Les icônes ou fresques ont essayé de ressaisir ce moment extraordinaire. Fra Angelico au couvent dominicain de San Marco à Florence, a dépeint un ange merveilleux en haut des escaliers : l'ange d'une beauté splendide et terrible tout à la fois, se baisse, s'agenouille, est plein de révérence devant la grandeur de ce qui se passe dans le coeur de Marie ! Un autre artiste, Andrea Della Robbia, dans un bas-relief, présente Marie assise, le livre ouvert sur les genoux. Elle lit : une main sur le livre, s'identifiant avec ce qu'elle lit, l'autre main sur le coeur, qui acquiesce et consent à tout ce qui est écrit dans le Livre, et tout son être est tourné vers l'Esprit qui comme une colombe s'approche d'elle. On peut même déchiffrer le texte qu'elle lit. Isaïe : Ecce Virgo concipiet et pariet... « Voici que la vierge concevra et va enfanter un fils- » (Is 7,14). L'Esprit saint, le sang du coeur et l'eau de l'élémentaire, la lettre se rejoignent. Les trois - l'esprit, le sang et l'eau - ne font qu'un. Et ainsi le divin entre dans l'histoire humaine.

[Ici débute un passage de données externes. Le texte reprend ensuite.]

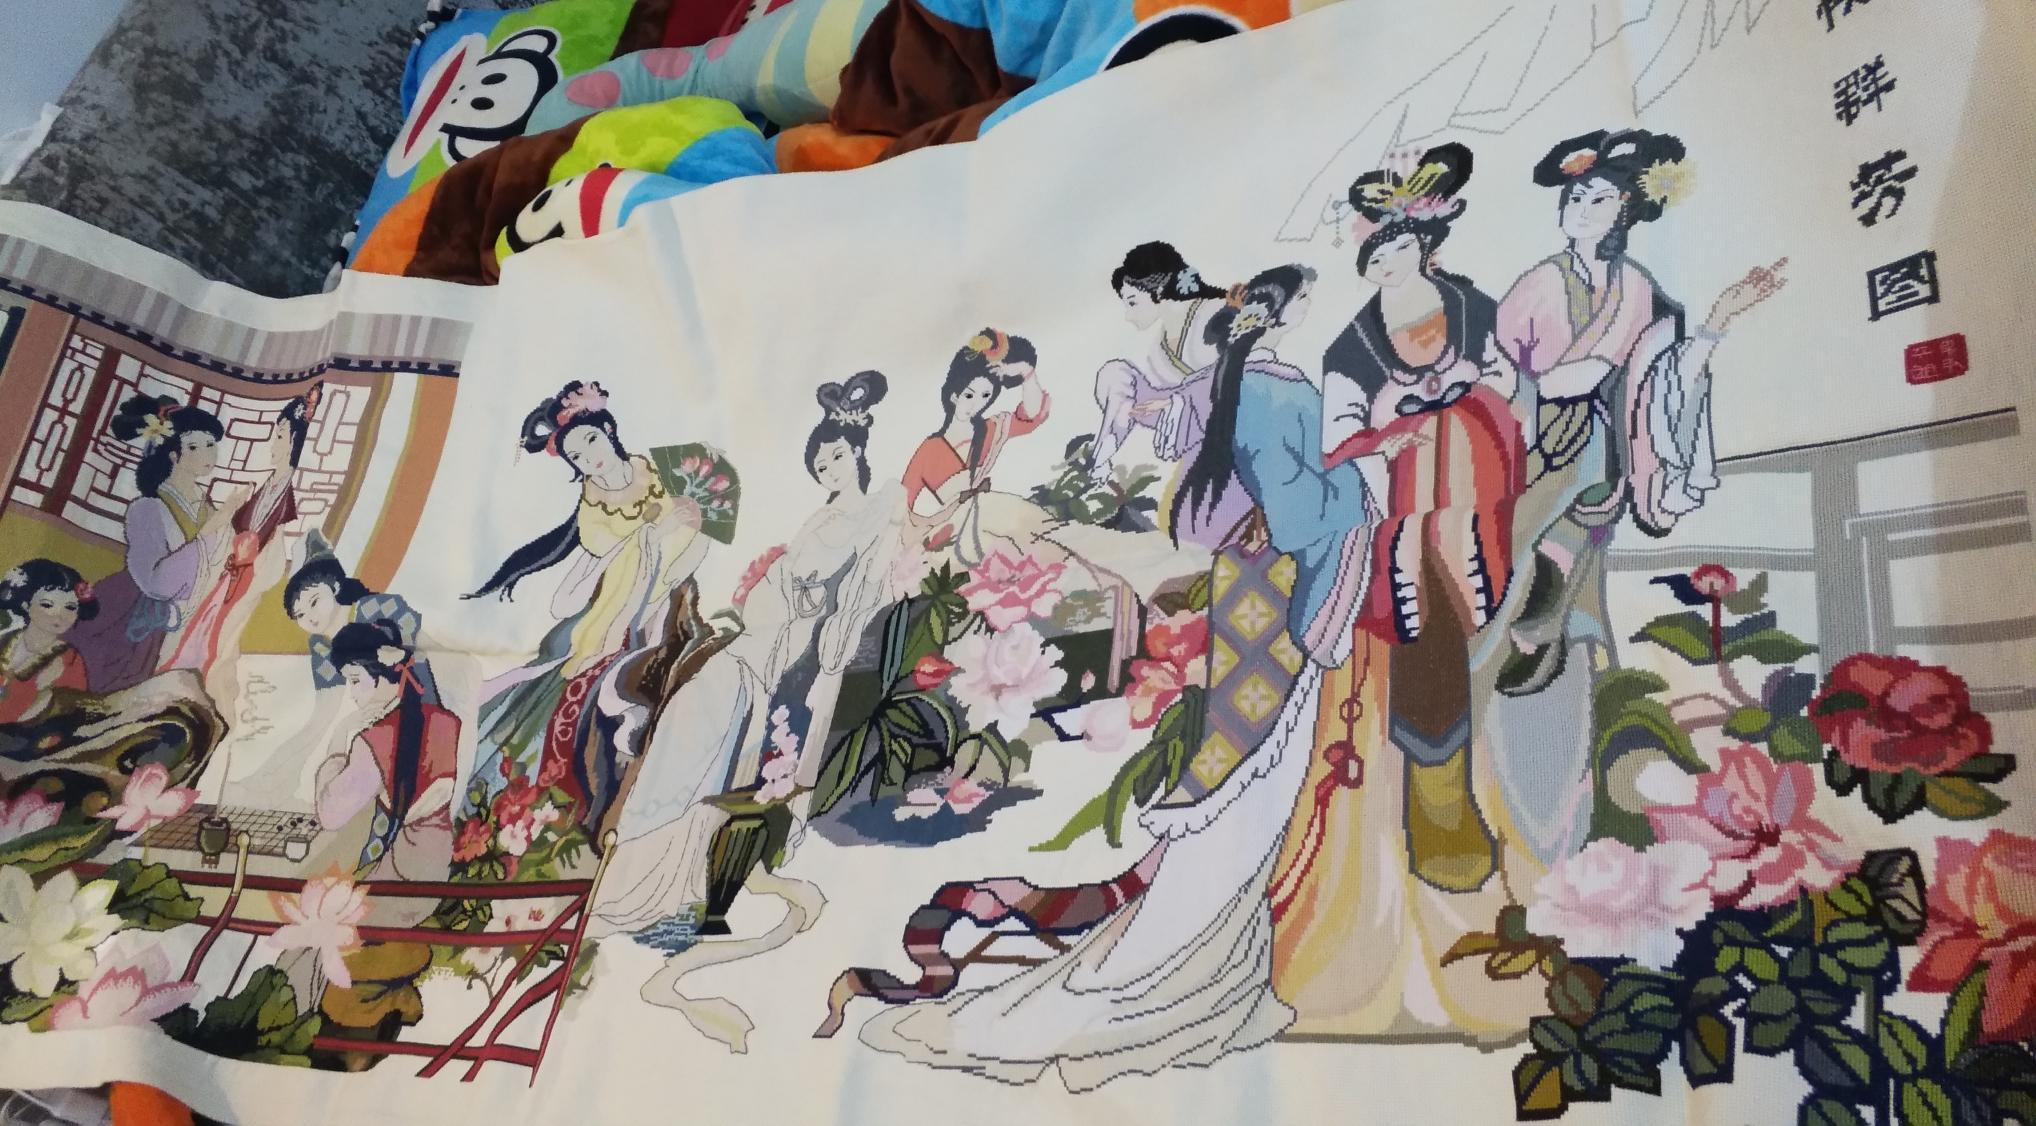 热卖绣好的十字绣成品纯手工客厅琴棋书画仕女图十二金钗出售八大美女

Or chaque fois que ces trois ne font qu'un - dans chaque acte de lecture complet - le divin rejoint la condition humaine. A la mort de ce fils de Marie le quatrième évangile décrit comment l'Esprit est livré, du haut de la croix, et comment de son côté ouvert par la lance, le sang et l'eau jaillirent. La vie au-delà de la mort se transmet.
Bien lire et se recueillir, c'est renaître, engendrer mais aussi mourir, s'abandonner jusqu'à l'extrême et transmettre ainsi la grande Vie.
Marie, désormais est au centre de la liturgie de l'Avent. Jusqu'au jour même de la naissance.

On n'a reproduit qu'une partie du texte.